In the exemplified detergent composition, the concentration of enzyme is expressed as the weight of pure enzyme in the total composition, and unless specified otherwise, the detergent ingredients are expressed relative to the weight of the total composition. The component identification symbols abbreviated in this specification have the following meanings.

Example 1
The following liquid laundry detergent compositions are prepared according to the present invention.

(Example 2)
The following manual dishwashing liquid detergent compositions are prepared according to the present invention.

(Example 3)
The following liquid automatic dishwashing detergent compositions are prepared according to the present invention.

Example 4
The following laundry compositions, which may be in the form of granules or tablets, were prepared according to the present invention.

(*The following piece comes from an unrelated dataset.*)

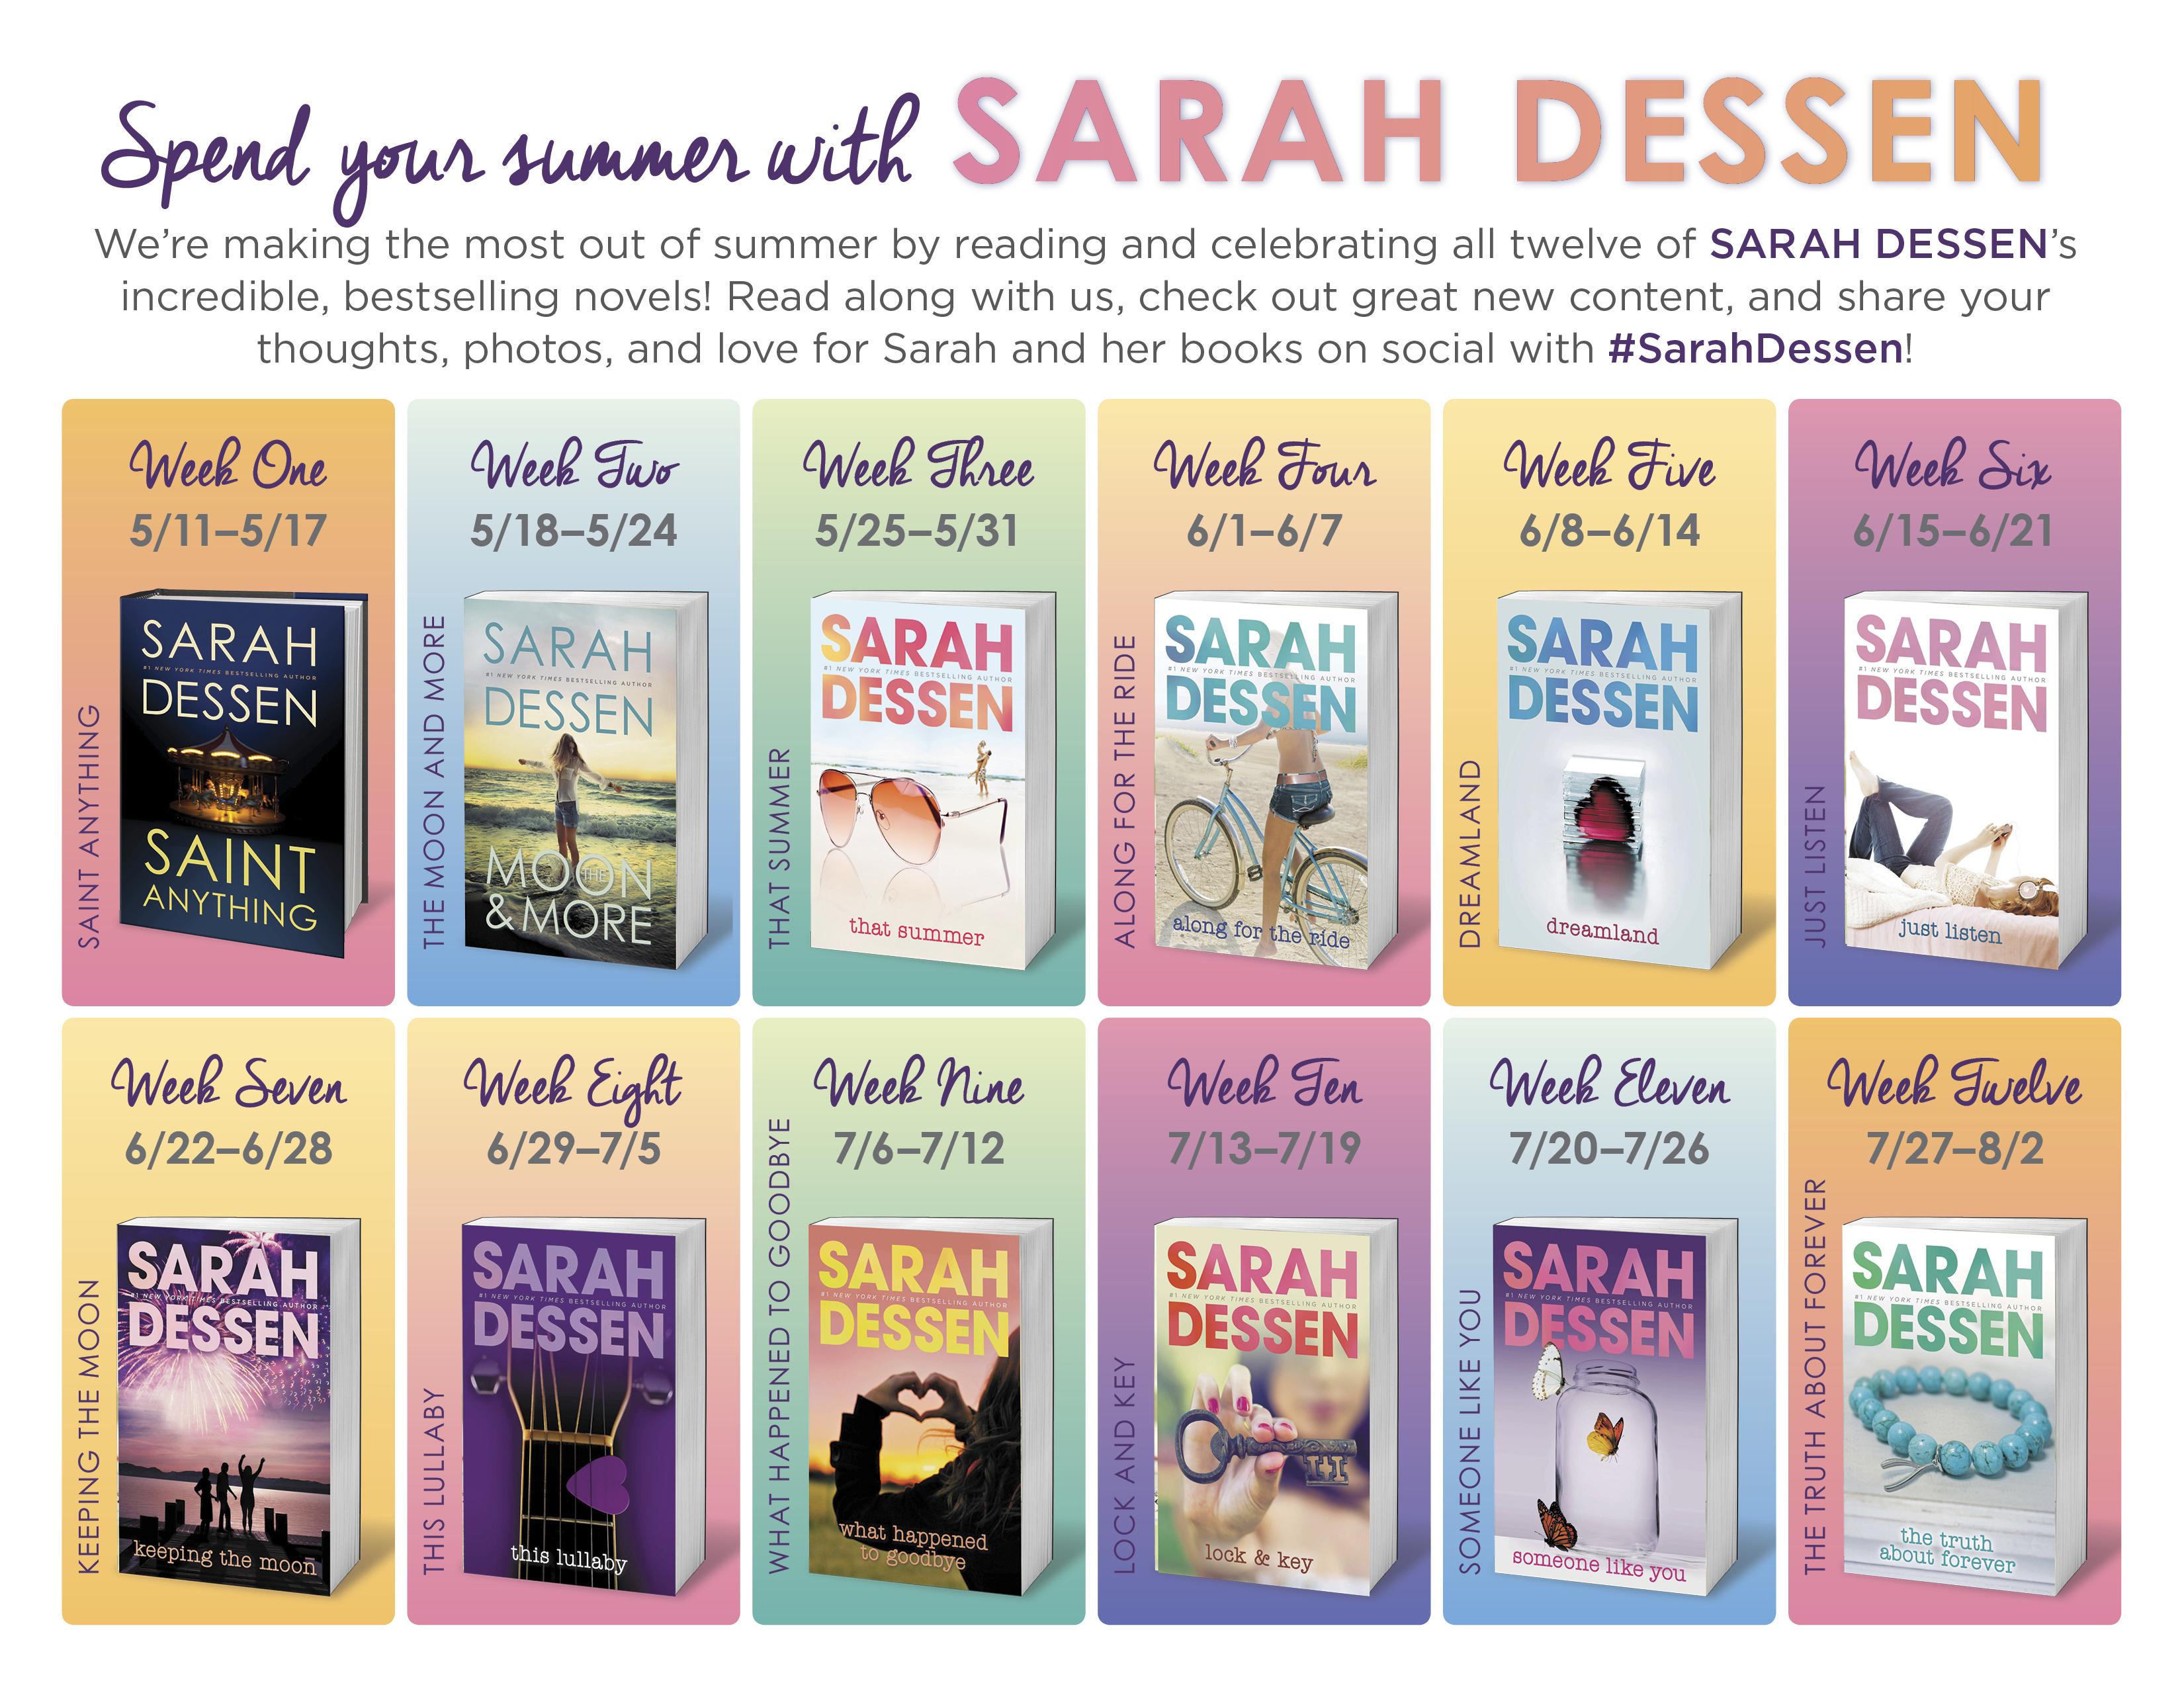 Summer_Of_Sarah_Dessen_FullCalendar

  Minor components include brightener / SRP1 / carboxymethylcellulose Na / photobleach / MgSO4 / PVPVI / foam suppressor / PEG.

(Example 5)
The following liquid laundry detergent formulations were prepared according to the present invention (concentrations given in parts by weight and enzyme expressed in pure enzyme).

(Example 6)
The following compressed high density (0.96 Kg / L) dishwashing detergent composition was prepared according to the present invention:

(Example 7)
The following tablet detergent compositions were prepared according to the present invention by compressing the granular dishwashing detergent composition at a pressure of 13 KN / cm ² using a standard 12-head rotary compressor.

(Example 8)
The following liquid hard surface cleaning detergent compositions were prepared according to the present invention:

Claims (10)

  A detergent composition comprising a carbohydrate oxidase enzyme and a bleach catalyst (wherein the carbohydrate oxidase is not glucose oxidase).   The detergent composition of claim 1, wherein the carbohydrate oxidase is selected from the group consisting of aldose oxidase, galactose oxidase, cellobiose oxidase, pyranose oxidase, sorbose oxidase, hexose oxidase and mixtures thereof.   The detergent composition according to claim 2, wherein the carbohydrate oxidase is selected from the group consisting of aldose oxidase, galactose oxidase, and mixtures thereof, preferably aldose oxidase.   The carbohydrate oxidase is a pure enzyme of 0.0001% to 2% by weight of the total composition, preferably 0.001% to 0.2% by weight, more preferably 0.005% to 0.1% by weight. The detergent composition of Claims 1-3 contained in the density | concentration of.   Detergent composition according to claims 1-4, wherein the bleach catalyst is selected from the group consisting of metal-containing bleach catalysts, bleach activators, peroxidase enzymes, and mixtures thereof, preferably metal-containing catalysts.   Said metal-containing bleach catalyst catalysts are selected from the group consisting of manganese or cobalt metal catalyst complexes and mixtures thereof, preferably 5,12-diethyl-1,5,8,12-tetraazabicyclo [6,6, 2] The detergent composition according to any one of claims 1 to 5, selected from hexadecane dichloride Mn (II) salt, pentaamine acetate cobalt (III) salt, and mixtures thereof.   Further comprising an enzyme selected from the group consisting of amylase, cellulase, hemicellulase, pectin degrading enzyme, glucanase, protease, lipase and mixtures thereof, preferably an enzyme selected from the group consisting of amylase, protease and mixtures thereof, The detergent composition as described in any one of Claims 1-6.   Detergent composition according to any one of the preceding claims, which is in the form of a dishwashing composition, preferably an automatic dishwashing composition.   The detergent composition according to any one of claims 1 to 8, which is in the form of a liquid composition.   Use of a carbohydrate oxidase and a bleaching catalyst to remove darkly colored soils (however, the carbohydrate oxidase is not glucose oxidase).